唸るような声が降るが、臨也は静雄が近寄った瞬間に香った香水の匂いに眉を顰めて静雄を睨む。

「シズちゃん臭い」
「ああ゛?」
「香水。臭い」
「ああ、あの女がつけてたんだよ。見てたんだろ」
「………」

静雄の言葉に、臨也は面白くなさそうにさらに眉を寄せた。
「それで何?デートにでも誘われた?」
「あー…いや、告白されただけだ」
「ふうん」
じろりと睨む臨也に、ばつが悪そうな顔をして。
それから静雄はそうじゃねぇと首を振った。
「そうじゃねぇだろ。何で手前がここにいるんだよ」
「仕事。で、その後暑くて耐えられなくてここに入ったの」

素っ気なく言い放つ臨也はどうやら相当機嫌が悪いらしい。
それを察して、静雄は困惑気味の視線を彼に送った。
だが、それは完全に無視され、それどころか、
「で?何。あの子と付き合うの?」
とまで言ってくる。
ありえないと分かっているからこそなのだろうが、試されているようで静雄は不愉快になる。
頭痛をこらえるようにこめかみに手を当てて。

「手前がいるのに付き合うわけねぇだろうが」

そう言って、臨也に手を伸ばそうとしたが、その手はべしりと叩き落とされた。
「触るな」
警戒もあらわな恋人に一体どうすればいいのか。
静雄はふうと大きく溜息をついて、臨也の向かいのイスを引いて腰掛ける。

「おい臨也」
「何かな。別れ話なら聞きたくないよ」
「んな話はしねぇし、むしろさせる気もねぇぞ」

話しつつ再度手を伸ばすが玉砕。
静雄はイライラと臨也を睨んだ。
言いたいことがあるならはっきり言えばいいのだ。明らかに臨也は拗ねているが、だからと言って手を避けられるのは納得がいかなかった。
しばらく何度も同じ攻防が続く。
途中、彼らが完全に離れたタイミングで割り込んで、何とかコーヒーのおかわりを持ってきたバイトと思しき青年を褒め称えたくなるほど、彼らの攻防は傍目にはゲイカップルがただじゃれているようにしか見えなかった。これが犬猿の仲だと知られている静雄と臨也でなかったら、誰もが自分の見た光景をそうだと捉えただろう程度に、そうとしか見えなかった。

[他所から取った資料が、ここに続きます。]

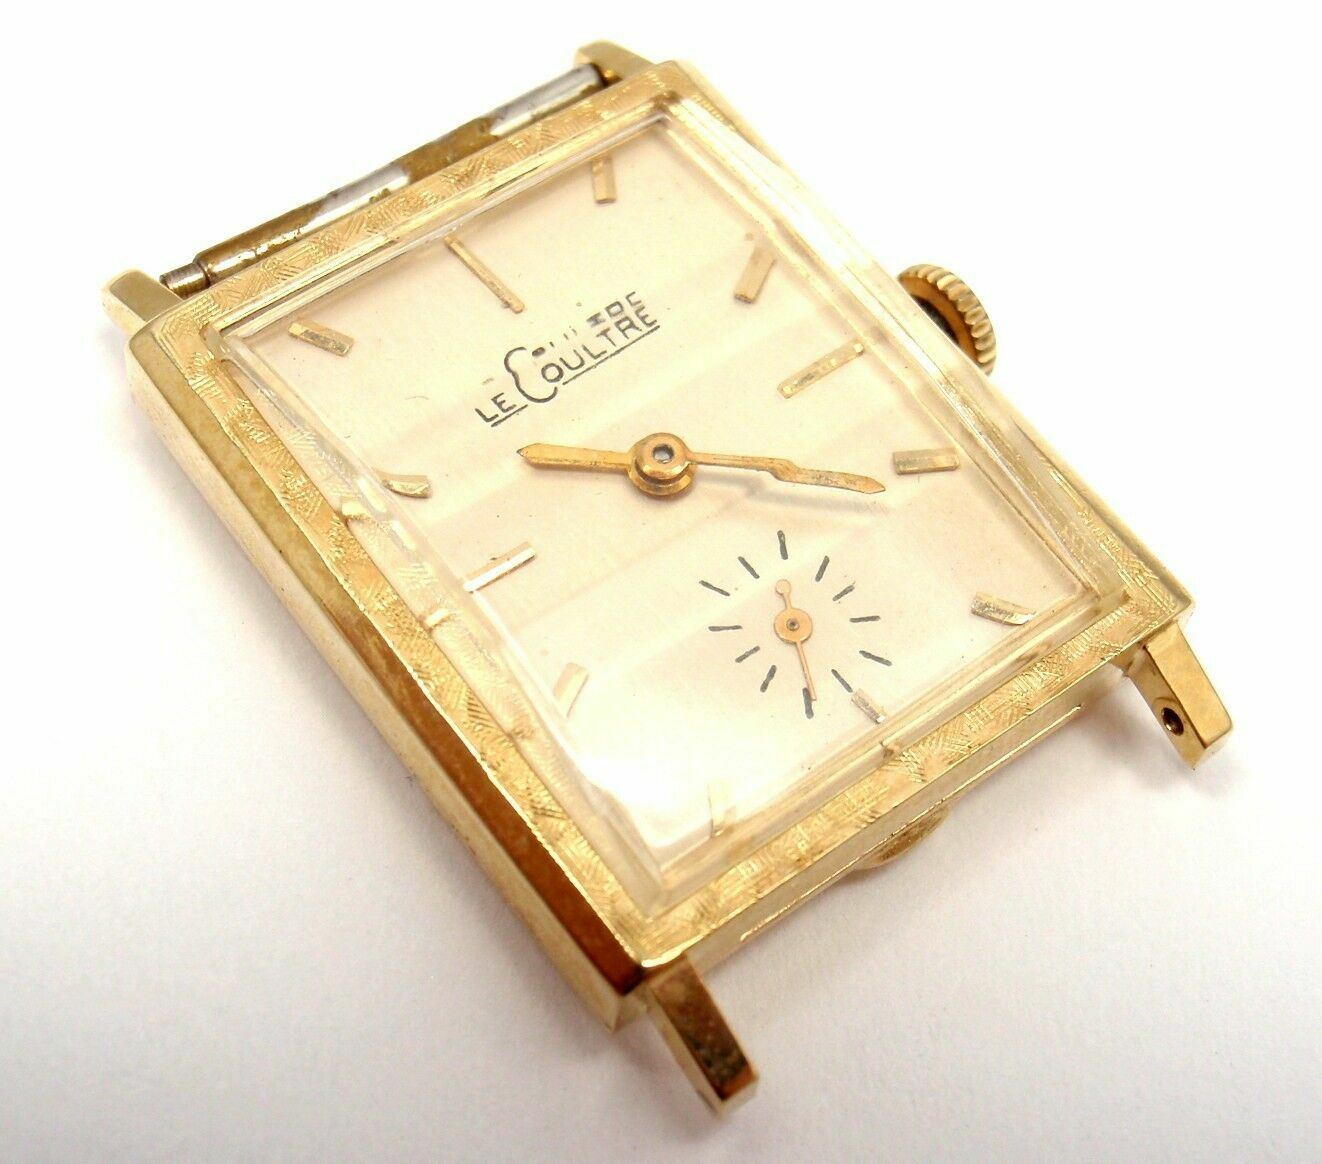 LeCoultre Jewelry & Watches:Watches, Parts & Accessories:Watches:Wristwatches VINTAGE LeCOULTRE 14K YELLOW GOLD MANUAL WIND WATCH

じりと手を伸ばす静雄に、同じだけ身を引くか素早く払うかする臨也。
異様な緊張感の中、痺れを切らして静雄が口を開く。

「手前いい加減にしろよ」
「君が触ろうとしなきゃいいんだろ」
「触りてぇんだよ」

訴えるように言ってみても、臨也の態度はつれないまま。
強硬手段とばかりに一気に臨也の手を掴みにかかれば、ナイフまで取り出す始末だ。

「触んな」
「…何でだよ」

うっすらと血が滲む手を引っ込めつつ静雄が不満げに問えば。
臨也はしばらく逡巡して、それからぽつりと呟いた。

「…だって、今俺、絶対汗臭いし」

こころもち上目遣いに睨みながらの答えに。
――何なんだこの可愛い生き物は!
と静雄は内心悶絶することになったのだが。
そんな静雄の気持ちなど知るはずもなく、臨也はとにかく側に寄らないでと威嚇するのだった。












※乙女な臨也さんのはなし。…だったのか…?
汗臭いだろう自分と香水の匂いのする女の子を比べてついつい気になっちゃう臨也さんとか書いてみたかっただけです。